Mar 182013
 

There is one important difference between those of you who sleep well and insomniacs. Insomniacs have a higher core body temperature than those that sleep well throughout the night.

When you sleep well, your core body temperature decreases at the onset of sleep, and continues to decrease as you go deeper into sleep. Then your core body temperature increases as you approach a waking period. When you don’t sleep well, your core body temperature doesn’t decrease as much as it should to induce a high quality of sleep. And glycine helps to reduce your core body temperature to induce the quality of sleep that you need to sleep soundly throughout the night.

What Is Glycine?

Glycine is an amino acid that, just like GABA, acts as an inhibitory neurotransmitter in your brain. As was stated in Part 1 of this series, GABA calms your brain and central nervous system to help you go and stay asleep. Whereas glycine reduces your core body temperature, which in turn induces sleep and maintains a good quality of sleep.

Glycine is readily available in most health stores as a supplement. I prefer the powder form. And just a little scope of powder is all that you need to get a good night’s sleep. It has a peasant sweet taste and quickly dissolves in liquid.

Alternative Ways To Decrease Your Core Body Temperature

Keep your bedroom cool. Research shows that you can decrease your core body temperature and improve your sleep quality by keeping your bedroom between 60 and 68 degrees F.

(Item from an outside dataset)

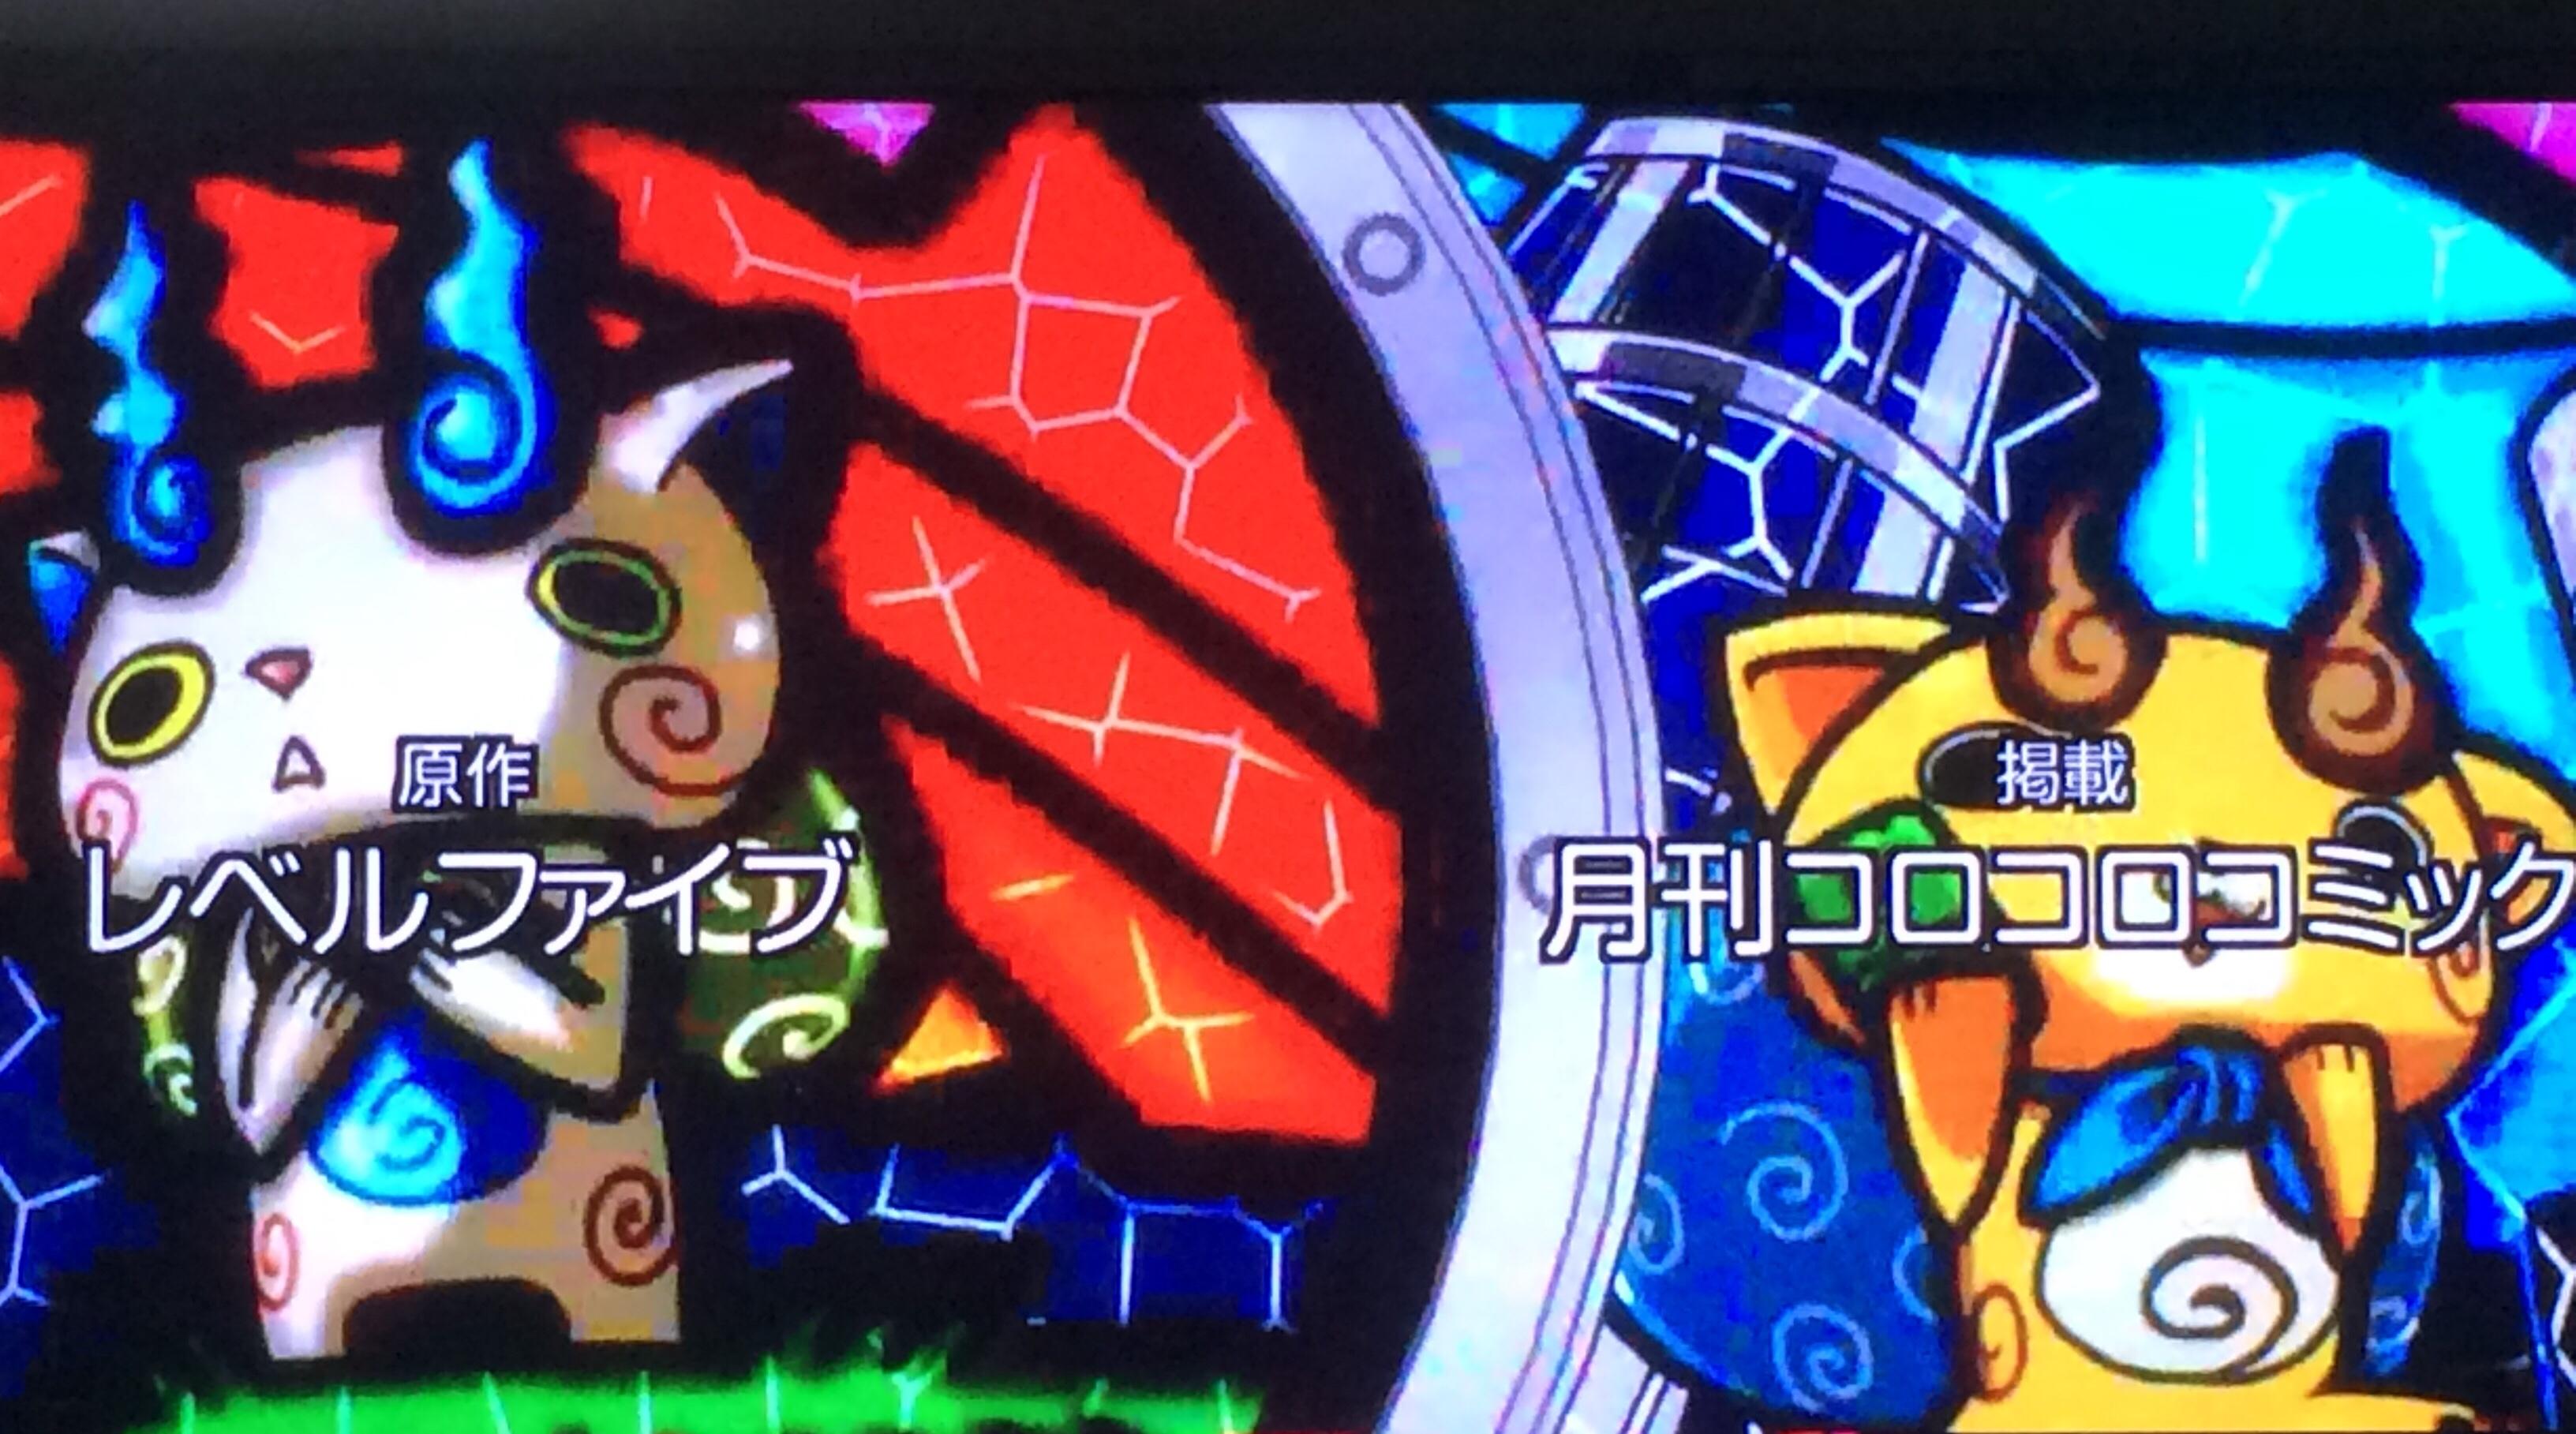 fc2blog_2014111011190560f.jpg

If you think that temperature range is too cold, drink chamomile tea about an hour before bedtime. Chamomile tea is known to increase glycine levels, and it taste good too. I not only drink chamomile tea, but I add glycine powder to the tea as well. Ever since I started drinking this combination an hour before bedtime, my sleep quality has drastically improved.

Summary

Increased levels of two inhibitory neurotransmitters in your brain are known to improve quality of sleep. GABA calms your nervous system, and increased levels close to bedtime helps induce sleep. Glycine lowers your core body temperature that recent research shows is essential for a good quality of sleep.

GABA levels can be increased with valerian root and yoga exercises. These methods, however, may take several weeks to increase GABA levels to the extent that is required to help you sleep better.

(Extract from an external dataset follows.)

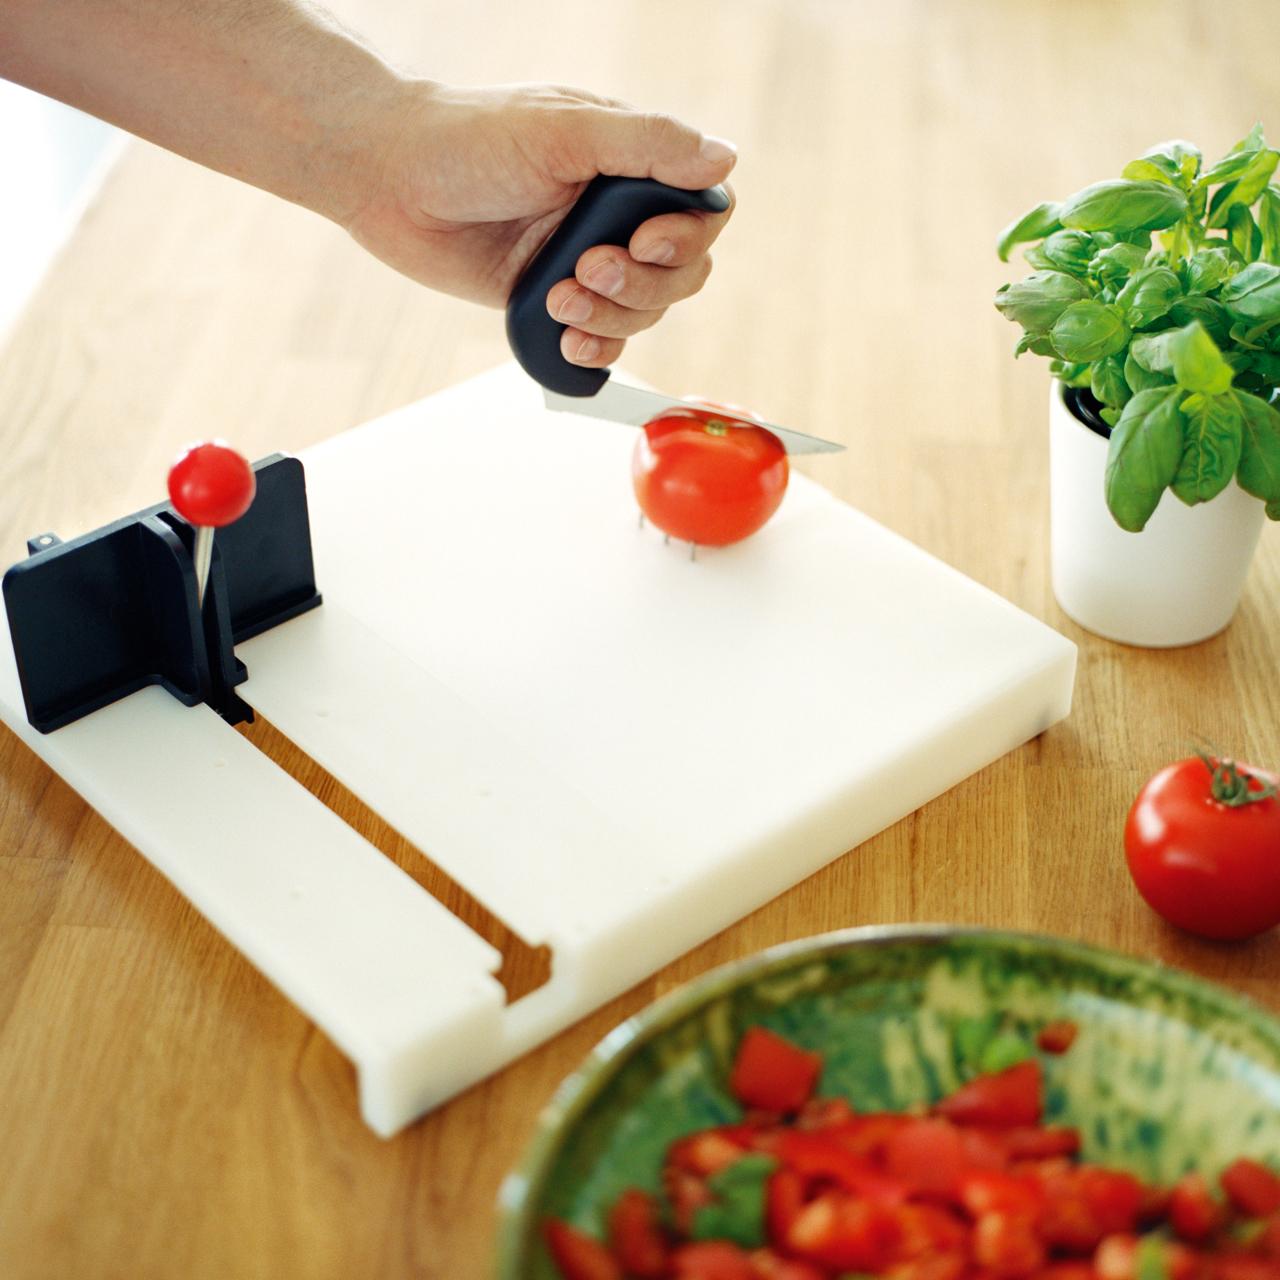 etac fix one handed cutting board

Glycine supplements has a more immediate effect on giving you better quality sleep. These supplements are easy to find in health stores, and has few if any side effects. You can also drink chamomile tea, which increases glycine levels in your body. Or you can do what I do and add a small amount of glycine powder to chamomile tea and start sleeping better almost immediately.

Sources:

Research: The Effects of Glycine
Research: Glycine Ingestion Improves Subjective Sleep Quality
Journal of Pharmacological Sciences: Glycine Improves the Quality of Sleep
Research: Rapid Decline in Body Temperature Before Sleep
Research: Do Chronic Primary Insomniacs Have Impaired Heat Loss When Attempting Sleep?
Research: The Relationship Between Insomnia And Body Temperatures
The New York Times: The Claim: Cold Temperatures Improve Sleep
ScienceDaily: Chamomile Tea: New Evidence Supports Health Benefits
Research: Glycine Improves the Quality of Sleep
What is Glycine?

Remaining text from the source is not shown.